Apprenticeships and skills minister Anne Milton said: “I am pleased the DfE met its public sector target in 2017-18, but we want to continue to build on this and create even more fantastic opportunities for people to get a rewarding career in the civil service.

“The apprenticeship levy was brought in to create long-term, sustainable investment in apprenticeship training. Any levy funds that are not spent after 24 months are reinvested into the overall apprenticeships programme."

What each department has spent

  • Cabinet Office: Paid: £979,150; Spent: £40,358 – 4 per cent (Up to April 2018)
  • Department for Business, Energy and Industrial Strategy/Department for International Trade: Paid: £968,084; Spent: £31,000 – 3 per cent (Up to April 2018)
  • Department for Digital, Culture, Media and Sport: Paid: £221,972; Spent: £24,000 – 11 per cent (Up to August 2018)
  • Department for Education: Paid: £1,800,000; Spent: £79,000 – 4 per cent (Up to July 2018)
  • Department for Environment, Food and Rural Affairs: Paid: £547,456; Spent: £22,889 – 4 per cent (Up to April 2018)
  • Department for Exiting the European Union: Paid: £131,791; Spent: £0 – 0 per cent (Up to August 2018)
  • Department for International Development: Paid: £626,451; Spent: £13,913 ؘ– 2 per cent (Up to July 2018)
  • Department for Transport: Paid: £2,530,445; Spent: £54,751 – 2 per cent (Up to July 2018)
  • Department of Health and Social Care: Paid: £327,407; Spent: £39,998 – 12 per cent (Up to April 2018)
  • Foreign and Commonwealth Office: Paid: £748,881; Spent: £34,512 – 5 per cent (Up to August 2018)
  • HM Treasury: Paid: £372,574; Spent: £9,989 – 3 per cent (Up to August 2018)

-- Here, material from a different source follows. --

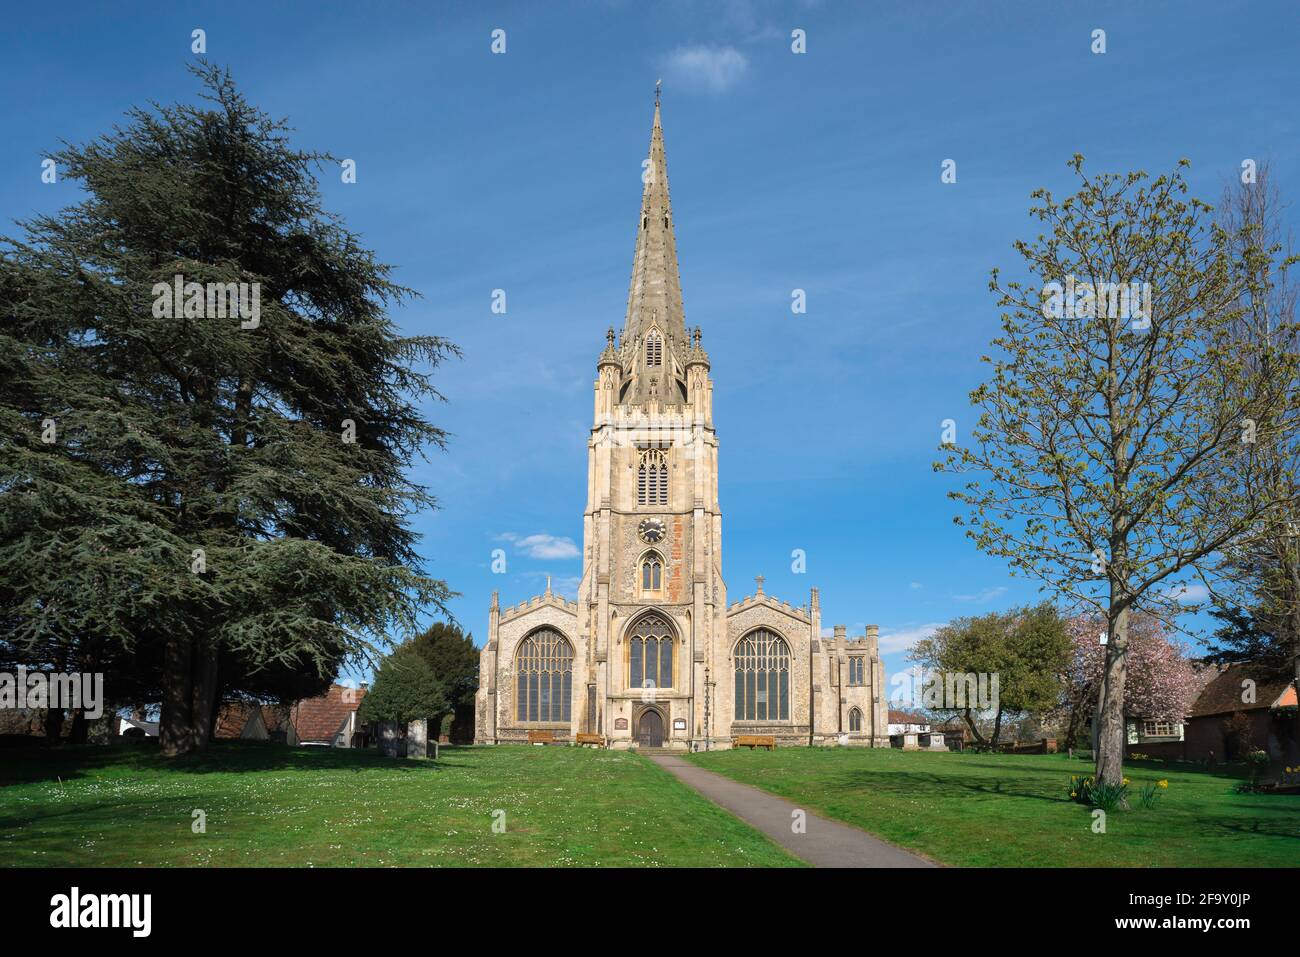 Saffron Walden church, view of the west tower and spire of St Mary The Virgin parish church in the centre of Saffron Walden, Essex, England, UK Stock Photo

  • Ministry of Defence: Paid: £35,200,000; Spent: £12,700,000 – 36 per cent (Up to March 2018)
  • Ministry of Housing, Communities and Local Government: Paid: £359,196; Spent: £0 – 0 per cent (Up to April 2018)

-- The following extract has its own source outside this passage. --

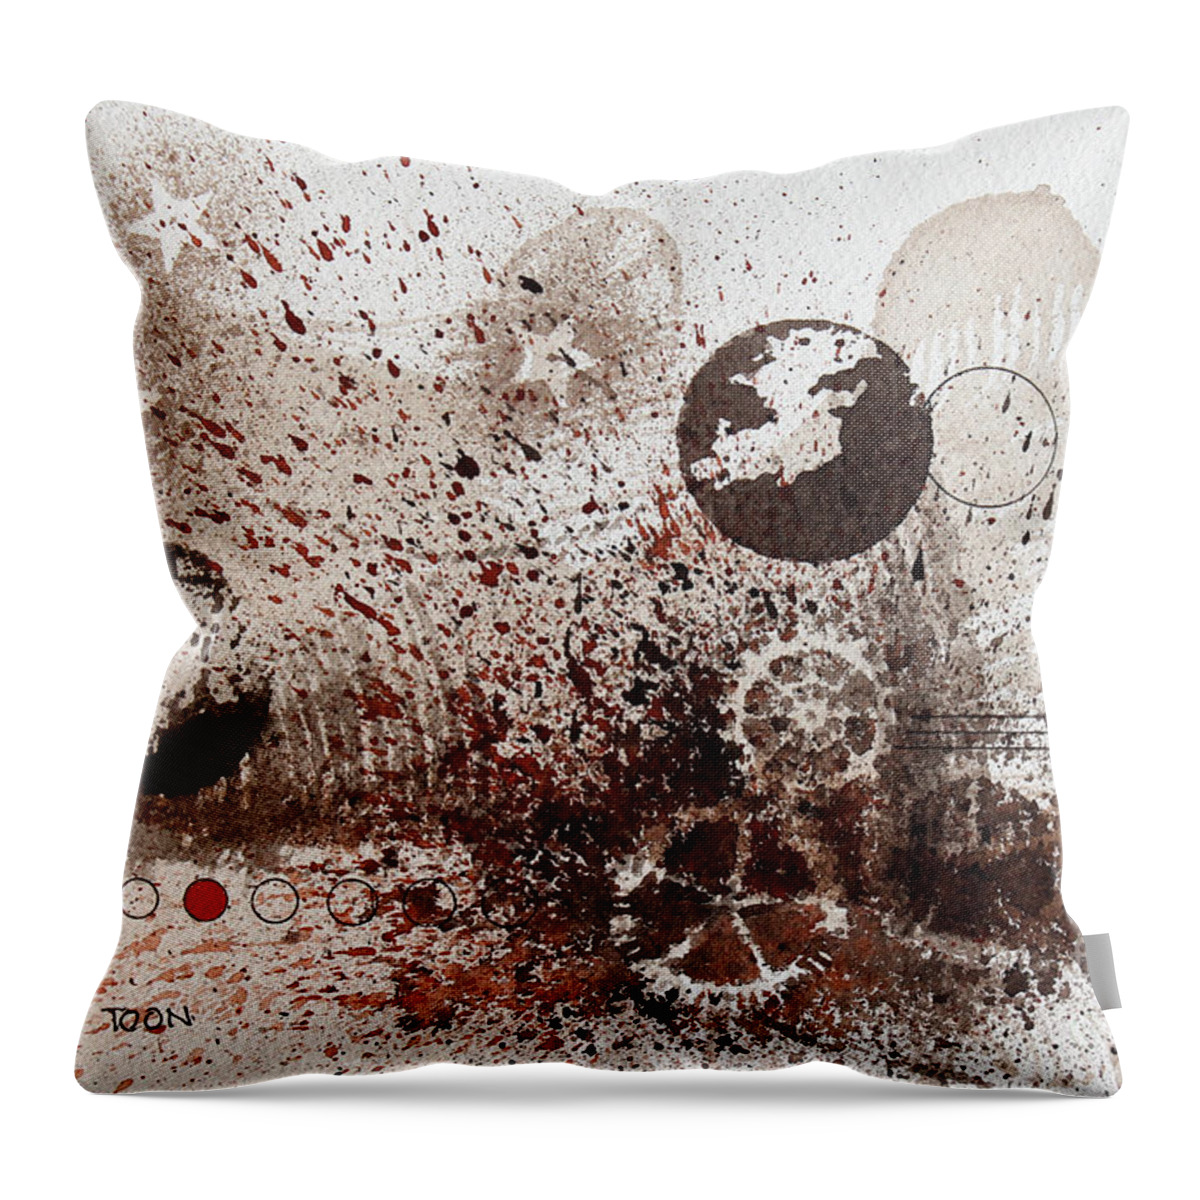 An Abstract In Sepia Tones. Throw Pillow featuring the painting Days Of Old by Monte Toon

  • Ministry of Justice: Paid: £2,526,375; Spent: £83,826 – 3 per cent (Up to June 2018)
  • Northern Ireland Office: Paid: £27,559; Spent: £5,500 – 20 per cent (Up to August 2018)
  • UK Export Finance: Paid: £58,408; Spent: £0 – 0 per cent (Up to April 2018)
  • Notes: The Department for Work and Pensions and the Home Office have not yet replied to our FOI requests.
    The Offices of the Secretaries of States for Scotland and Wales and the Attorney General's Office have a pay bill of less than £3 million and so do not pay the apprenticeship levy.